# Soundcard nötig? Surround-Sound durch Optical Output



## Kreddel (13. September 2019)

Hallo,

 

ich benutze schon einige Zeit mein Headset für Gaming. Es handelt sich um ein Steelseries Siberia 800.

Vor kurzem habe ich mich allerdings gefragt, ob ich vielleicht den Sound (Output) davon verbessern kann. (Das Mikrophon benutze ich sowieso nicht, darum geht es nicht)

Bisher habe ich es über USB angeschlossen. Es unterstützt aber auch Optical Output und das soll um einiges besser sein.
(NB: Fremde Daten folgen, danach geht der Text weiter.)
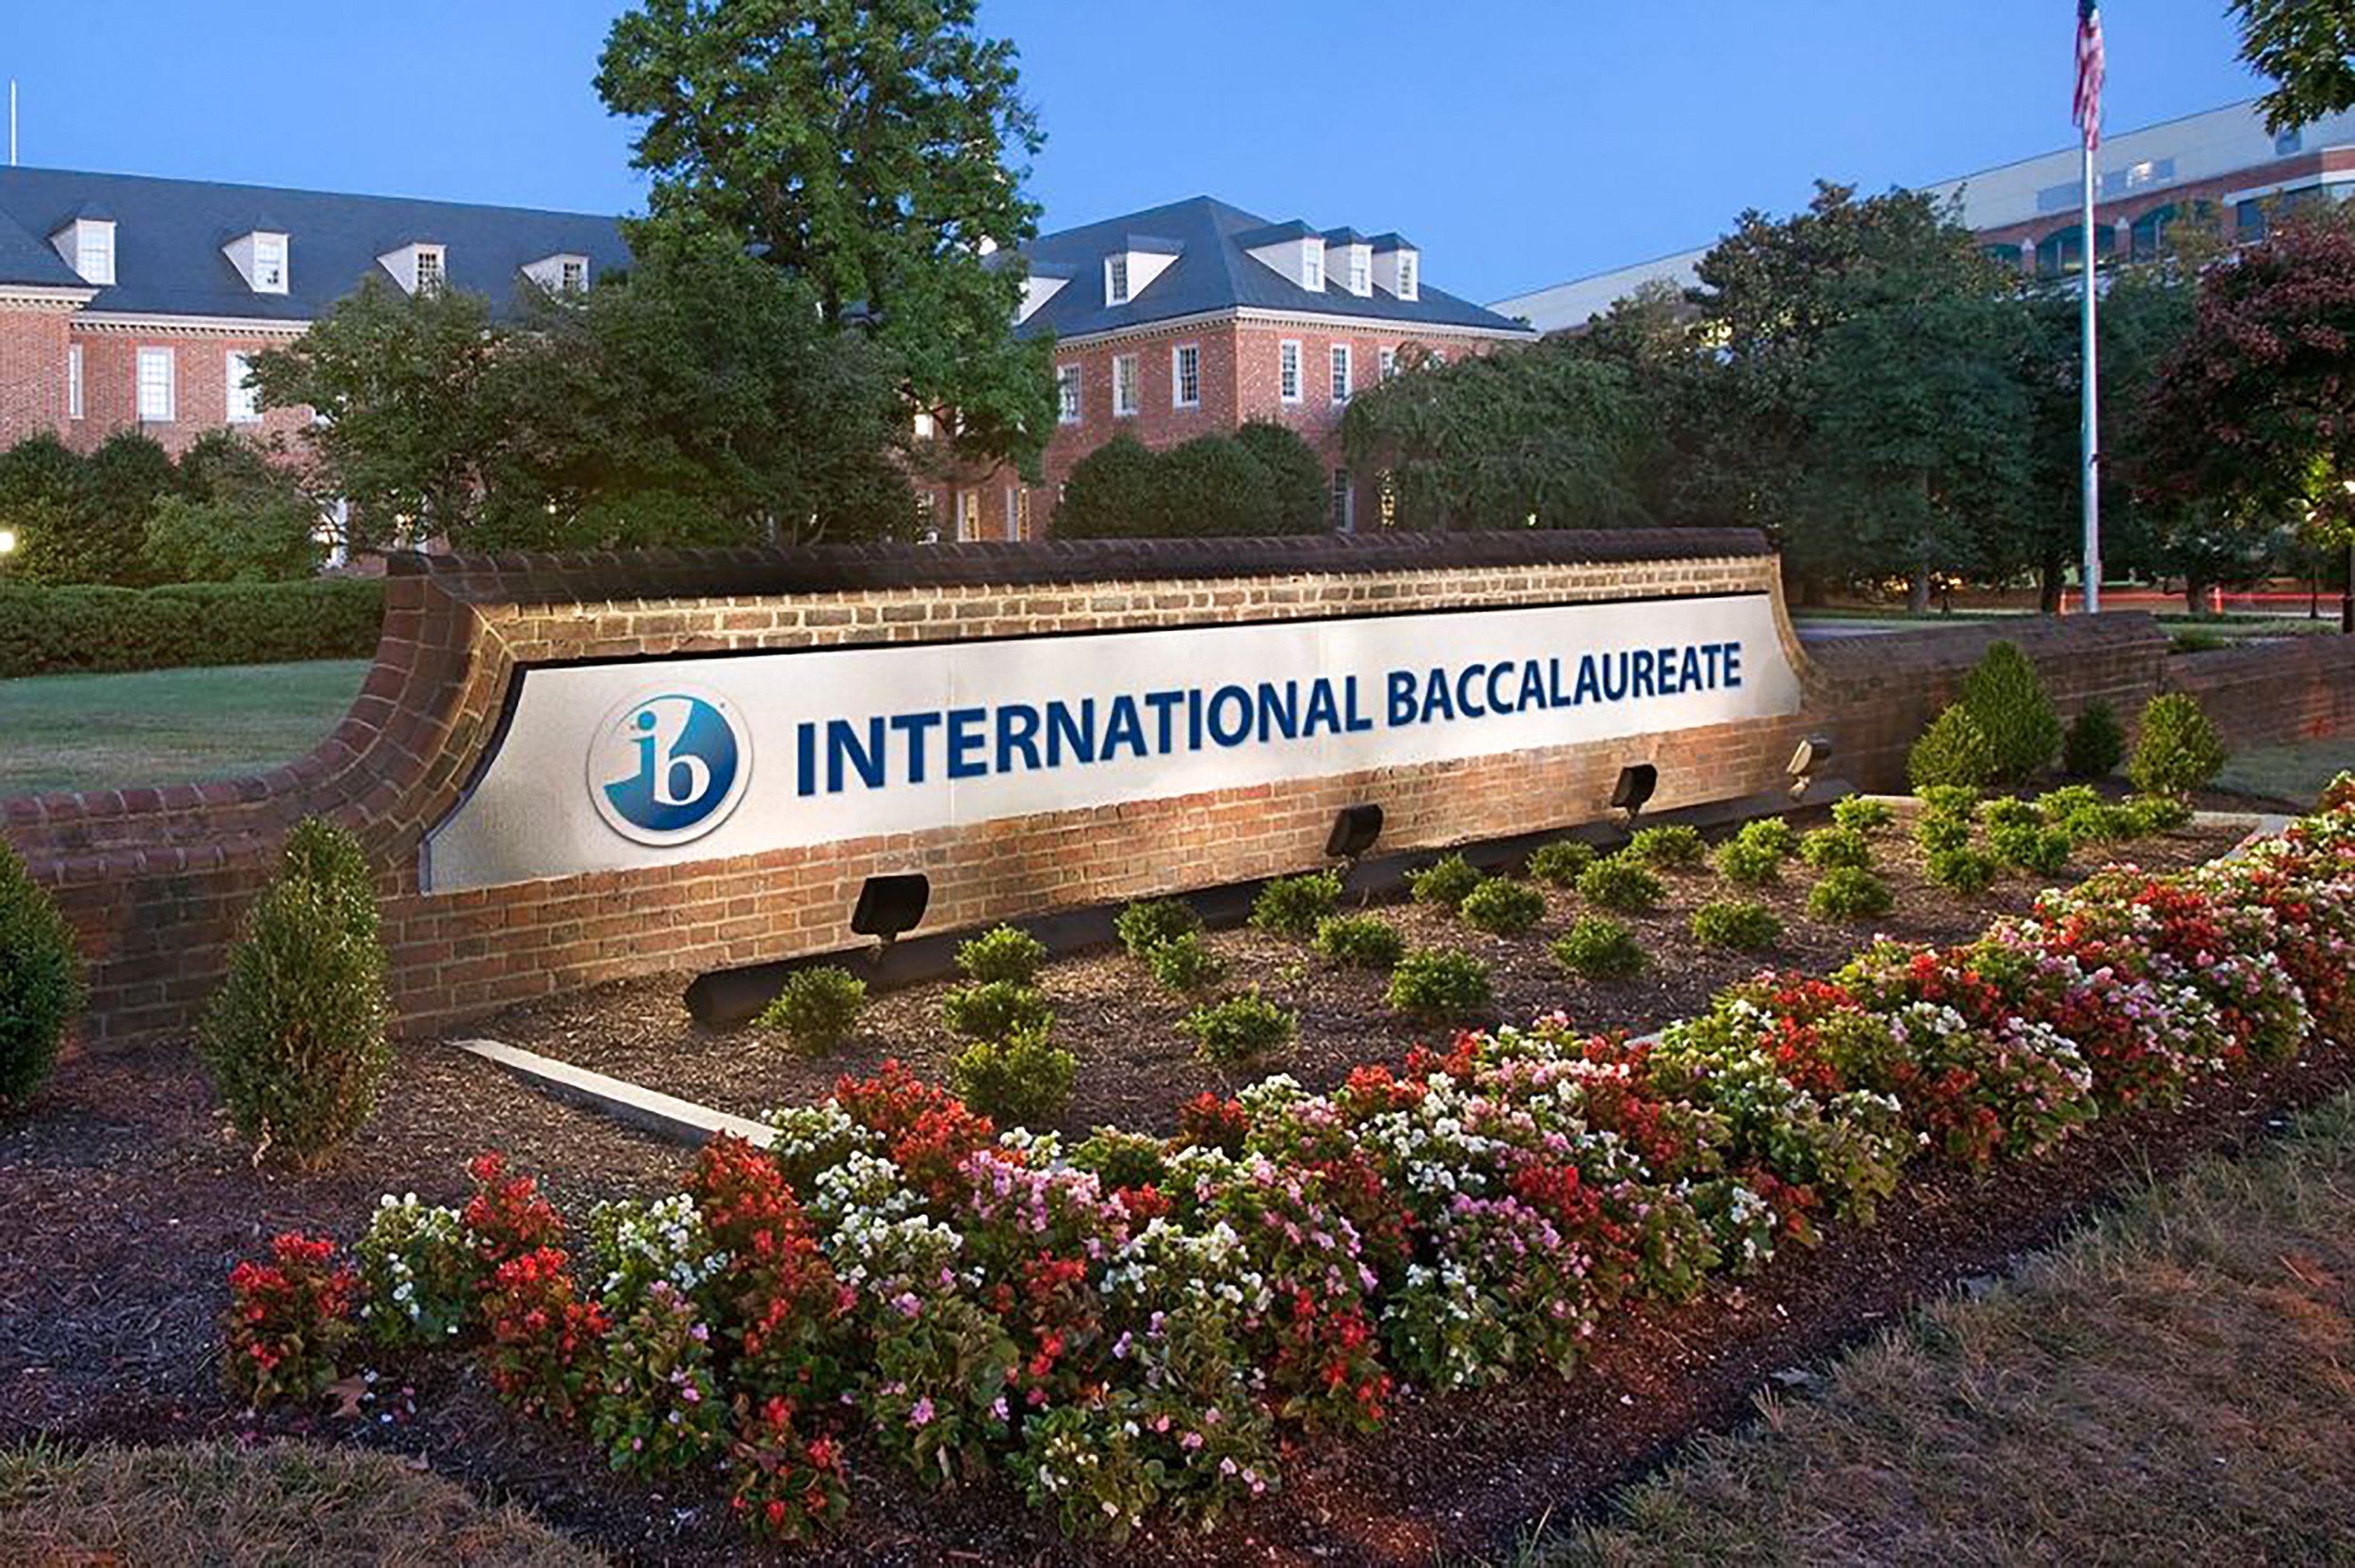 Hackers have breached the computer systems of the International Baccalaureate authority in a bid to ‘cancel’ the exams. Photo: Handout

Mein Mainboard, ein Gigabyte Z270 Gaming K3, hat, soweit ich es verstanden habe, keinen Optical Output. Ich habe auch den entsprechenden Port am PC nicht gefunden.

 

Die Frage ist jetzt also, ob ich mir für einen besseren Klang (das Headset unterstützt ja 7.1 Surround) eine Soundcard oder so ein externes Audio-Gerät kaufen sollte, oder ob ich es komplett lassen sollte. Das Headset funktioniert ja sowieso schon über eine Funksende-Station.

Das Headset hat auch einen Klinkenstecker, aber der ist anscheinend mit den Mitteln, die ich habe, nur Stereo. Ein optisches Kabel ist eben auch enthalten.

Ich habe auch gelesen, dass man über HDMI an den Fernseher den Optical Output des Fernsehers dafür benutzen kann, aber mein Fernseher hat sowas auch nicht.

 

Der bessere Sound soll dann in kompetitiven Shootern wie CS:GO zum Einsatz kommen, wo man seine Umgebung sehr detailliert und sehr genau in alle Richtungen hören muss.

 

Ich habe jedenfalls das Gefühl, dass es etwas schade ist, wenn das teure Headset über USB läuft und wäre deshalb sehr dankbar für Hilfe. Ich habe selber, wie man bestimmt merkt, nicht so viel Ahnung von dem Thema. Wenn ihr noch Infos braucht oder Fragen habt, dann gebe ich gerne Auskunft. Dankeschön


----------